Набор мало значащих эпитетов. Где парадокс: в том, что манеры Фанни были не ловки и не вульгарны одновременно, или, может, в том, что ребёнок мил, когда разговаривает?
Остен по-французски не читала, но научилась эпиграмматическому ритму от изящного, точного и отточенного стиля, бывшего тогда в ходу. Как бы то ни было, но владеет она им превосходно.
Как жалка не только у ВВН предубеждённость против 46-ой Х-хромосомы.
Гаппи отправляется в трактир, возвращается с полной бутылкой джина, и старик «берет ее на руки, словно любимого внука». Увы, вместо слова «внук» уместнее сказать «внутренний паразит».
Возьмите на руки внутреннего паразита. Не получается? Почему?
Паразитирующий на нем Скимпол в лучшем случае – заводная птичка, в худшем же – стервятник.
Дались ВВН эти паразиты. Паразитирующий стервятник с ключиком в заднице – сильный образ, но, увы, ни малейшего отношения к Скимполу не имеющий.
Сцена смерти малыша Джо - это урок стиля, а не сопереживания.
Урок – не то, чему учат, а то, чему учатся.
Должен сказать, что, несмотря на великолепное построение романа, основной просчет был в том, что Эстер дали рассказать часть истории. Я бы ее и близко не подпустил!
Остаётся лишь благодарить Творца, что романы Диккенса создал Диккенс, а не Набоков. Очень понравилось также замечание о переносном аде – это не диккенсовское, это набоковское. Это моё, и се – моё же.
Диккенс далее показывает «изменчивую игру света и тени на кораблях» – и я думаю, что невозможно выбрать и поставить рядом слова лучше, чем он это делает, чтобы отобразить легкие тени и серебристый свет в этом восхитительном морском пейзаже.

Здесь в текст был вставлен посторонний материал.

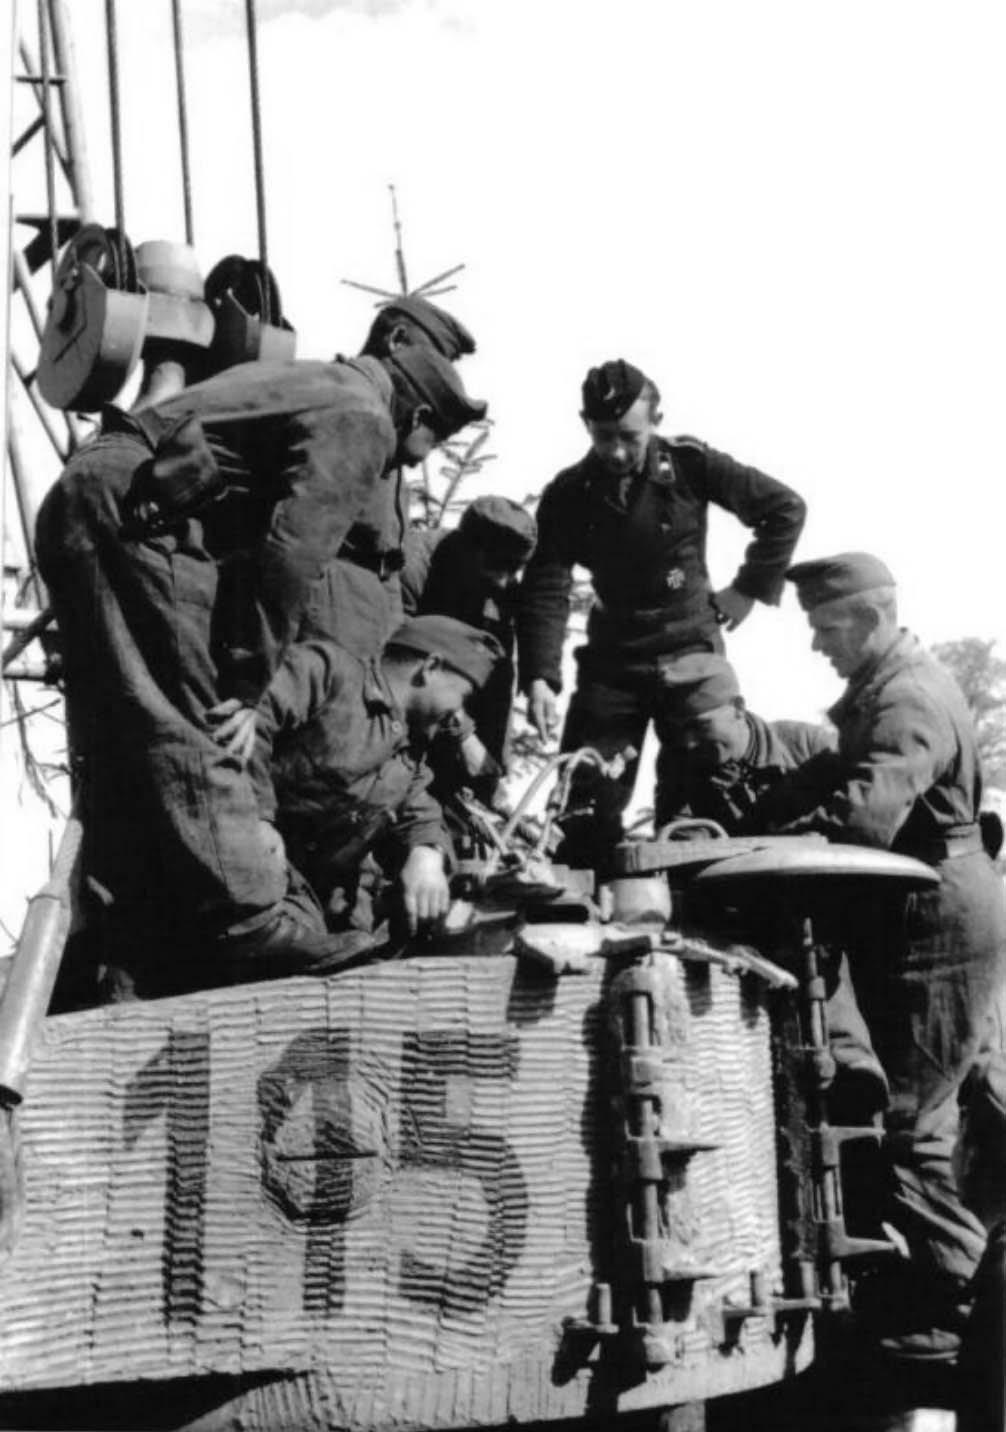 Diverses photos de la WWII - Page 37 57311

А почему и отчего вы так думаете? В силах ли вы ответить на этот вопрос, и если не в силах, то опять-таки почему? Ответ на вопрос по наилучшей методе ВВН: «Создают и формируют человека три силы: наследственность, среда и неизвестный фактор Х. Вторая сила – среда – самая ничтожная из трех, а третья – фактор Х – самая важная». Если у вас другая наследственность и другая среда, не надейтесь сойтись с ВВН во мнениях, вы так и останетесь плебеищем. О факторе Х молчу, чтобы не рассмеяться. Открытие Америки через форточку. Почему всегда Х? Почему не ε , не ζ, не ﻯ?
Роман, в котором ребенок Жюстен, нервный четырнадцатилетний мальчик, теряющий сознание при виде крови и бьющий посуду из-за своей нервозности, в глухую ночь отправляется плакать – и куда? (Особо умиляет «и куда?» Надо было страдать на печке. Ноги в тёпленьком местечке). На кладбище, на могилу женщины, чей призрак мог бы явиться ему с укорами за то, что он предоставил ей средство к самоубийству, конечно, не может быть реалистическим. Во-первых, призрак может явиться куда угодно, а во- вторых, Жюстен бы этот призрак расцеловал! Совершенная любовь изгоняет страх, как сказано в одном старом письме.
Ирония и патетика в романе Флобера замечательно переплетены.
Дайте определение иронии. Дайте определение патетики. Дайте определение замечательного.
Вся красота эпизода [объяснения Родольфа и Эммы во время речи советника] в том, что друг друга перебивают не добро и зло, а один вид зла смешивается с другим.
Дайте определения добра и зла, наконец. Зло = клише? Добро = оригинальность? Задание на дом: объяснитесь в любви оригинально.
…не думаю, что, за вычетом поверхностных нововведений, Джойс пошел сколько-нибудь дальше Флобера.
А куда дальше должен был пойти Джойс? О нет, не отвечайте, вопрос риторический.
«И, тихо воя, словно зимний ветер в заброшенном замке, все глубже уходило в ее душу горе». (Разумеется, так описала бы свое горе сама Эмма, будь у нее художественный талант.)
Разумеется?? А может быть, мадам Бовари описала бы своё горе совсем иначе.
Эмма дарит Родольфу красивый хлыст (в темноте хихикает старик Фрейд).
Лошадиная глава вызывает хихиканье не только у Фрейда. Страницами ВВН перечисляет коней, экипажи, сбрую, а в заключение выдаёт: «Лошади у Флобера не символичны». Тогда зачем?..
Трудно вообразить, какие поводы для шантажа могло дать общение холостяка [Джекила] с дамами легкого поведения.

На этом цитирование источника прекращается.